Related Posts in WordPress with Vector Embedding

Since my 10 year old related posts plugin can’t even be downloaded anymore because of a security vulnerability, I figure it’s time to bring related posts into the ✨ AI era ✨ with vector embedding. Surprisingly, I didn’t find any WordPress plugins to do that, so – inspired by TomBot2000, who did this for a static site – I’m going to do it for WordPress.

What Is Vector Embedding?

By contrast with a lot of old-style related posts plugins, which compare similarity at the word level, vector embedding uses neural networks to plot a piece of text in semantic space, meaning you’re going to get much more meaningful recommendations.

An embedding model, like a GPT, is trained on a large corpus of text. But unlike GPTs, who then predict text, an embedding model just plots the input in some n-dimensional space of meaning. For example, “cat” and “feline” would occupy nearly the same point; “cat” and “dog” somewhat nearby, but “cat” and – say – “vestibule” would be very far apart. These are the sorts of distinctions that an old-style word-level plugin isn’t able to make.

The result of generating an embedding is a point in n-dimensional semantic space, some list of n numbers normalized between -1 and 1 that locate the meaning of your text. The nice part is that once you have the embeddings, you can calculate semantic distance between two pieces of text very easily as the distance between two points in that n-dimensional space¹ – and this is how Twitter’s “See similar posts” button works so well and so quickly.

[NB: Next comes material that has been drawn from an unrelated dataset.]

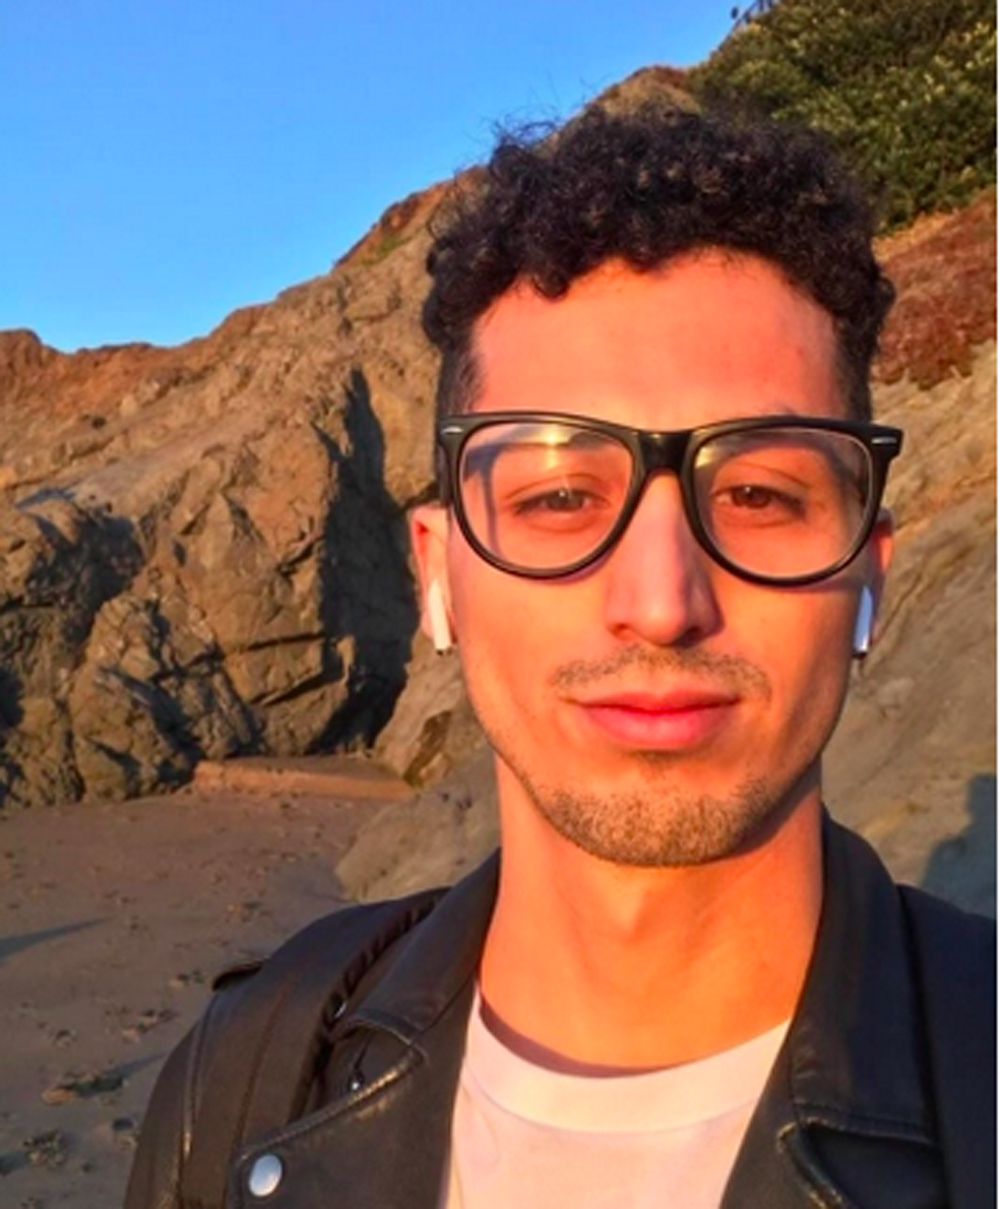 It took Vlad Carrillo a year to figure out how to get tested after moving to Bishop, California. Getting a home kit through the mail afforded privacy and helped Carrillo avoid the stigma of testing.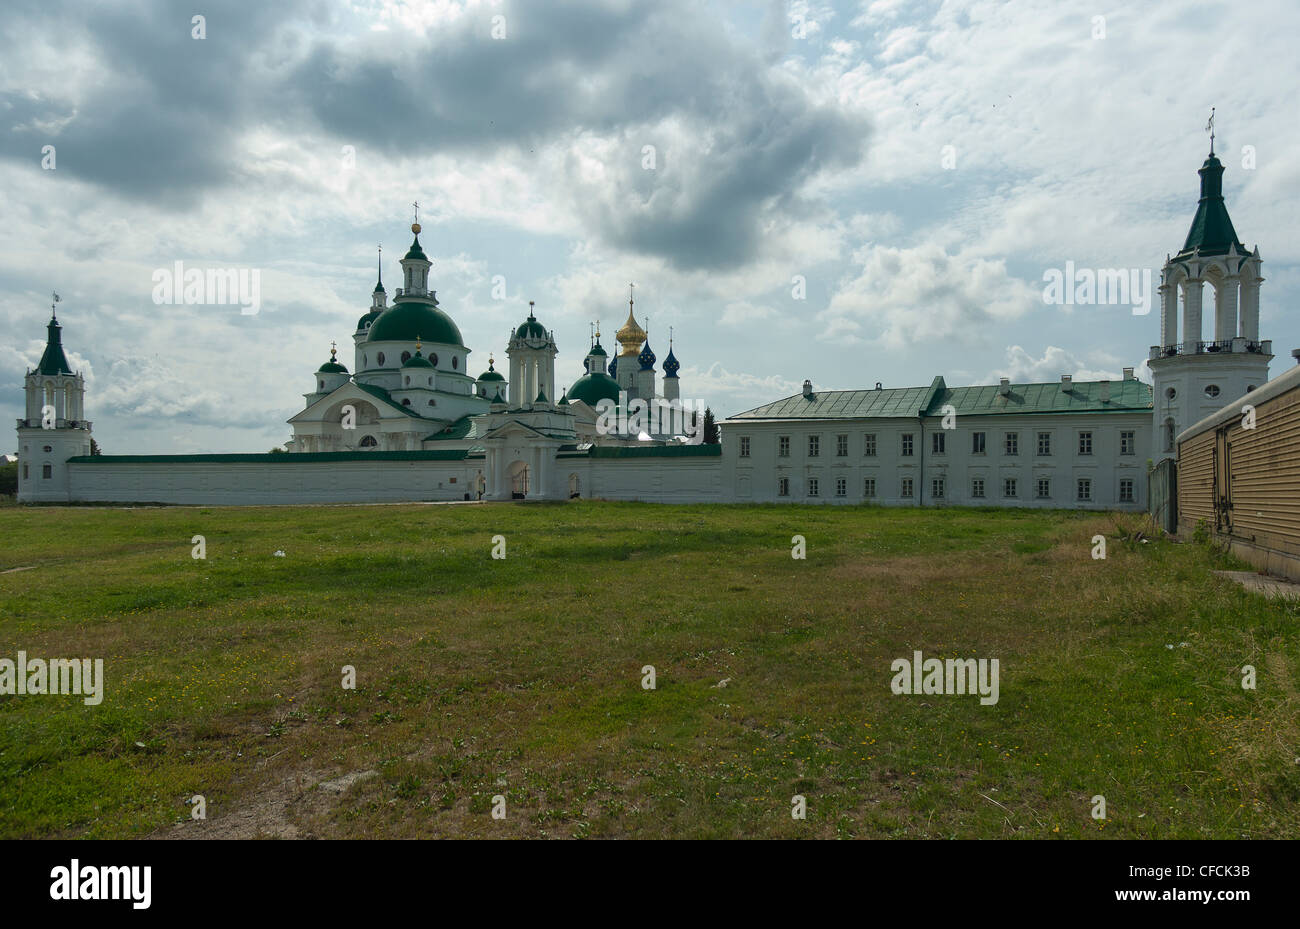 Spaso-Yakovlevsky Monastery situated to the left from the Rostov kremlin on the Rostov's outskirts Stock Photo

Generating Vector Embeddings For New Posts

To make this work for us, we’ll have to:

Write a function to retrieve embeddings from the OpenAI API
Hook it into WordPress to execute every time we publish or update a post
Cache the resulting embedding
Calculate distances to other posts and display the top three
Go back and generate embeddings for existing posts (next section)

In principle we could do this all with PHP. However, OpenAI has a limit on input length in terms of tokens, so we’ll have to check the token length of our posts. There are compatible PHP tokenizers, but they require Composer, and frankly,

Also there’s a very nice OpenAI Python library that makes querying the API very easy (no futzing around with CURL). So what I’ll do is call a Python script from PHP. A little annoying, but not as annoying as Composer and CURL.

Get WordPress Ready

First of all, you’ll need an OpenAI platform account and a little credit. Vector embeddings are pretty cheap to generate – I was able to do my entire 103 posts of 223,000 words, twice because I screwed up the SQL the first time, and on the more expensive large model, for 7¢ total. If you have substantially more content, there’s also a small model you can use for another order of magnitude less money.

Second, you’ll need to generate a secret key to authorize your use of the API. You can do this in the sidebar of OpenAI’s platform page. Be sure to copy it down.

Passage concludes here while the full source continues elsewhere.